The script uses Python 3. You can simply run the following to clone this repository and install all of the above requirements:
git clone https://github.com/mahfuzibnalam/terminology_evaluation.git
cd terminology_evaluation
pip install -r requirements.txt
List of requirements:
- stanza
- argparse
- sacrebleu
- bs4
- lxml (need it for mac)
The main script is evaluate_term_wmt.py
that receives the following arguments:
- --language - The language code (eg. fr for French) of the target language.

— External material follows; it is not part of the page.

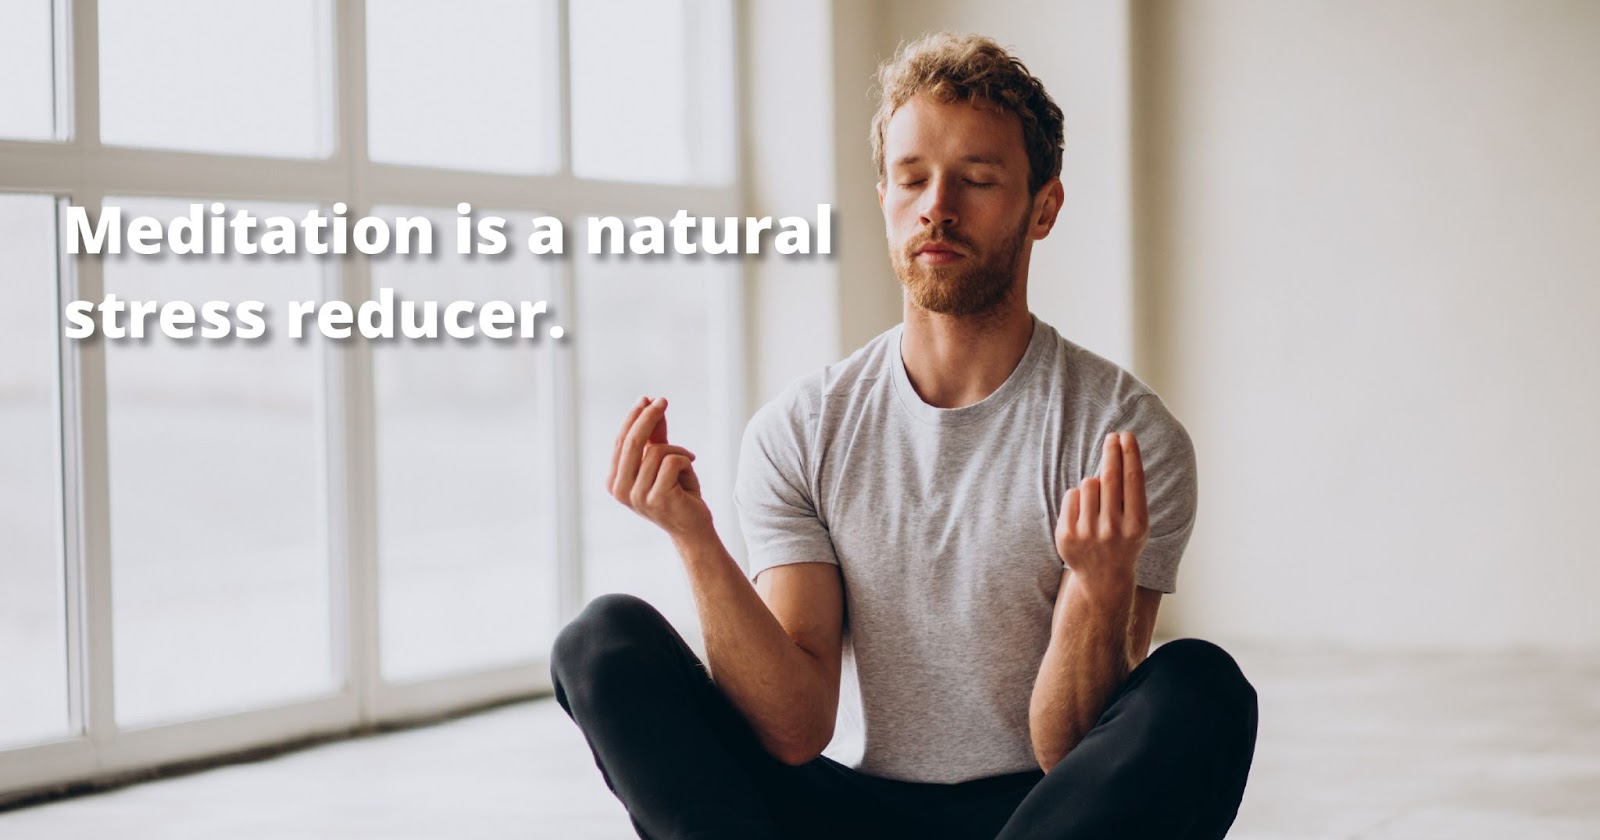 Meditation is a natural stress reducer

- --hypothesis - This is the hypothesis file. Example file:
data/en-fr.dev.txt.truecased.sgm
. - --source - This is a file with the source references. An example file is provided at
data/dev.en-fr.en.sgm
- --target_reference - This is a file with the target references. An example file is provided at
data/dev.en-fr.fr.sgm
- --BLEU [True/False]. By default True. If True shows BLEU score.
- --EXACT_MATCH [True/False]. By default True. If True shows Exact Match score.
- --WINDOW_OVERLAP [True/False]. By default True. If True shows Window Overlap Score.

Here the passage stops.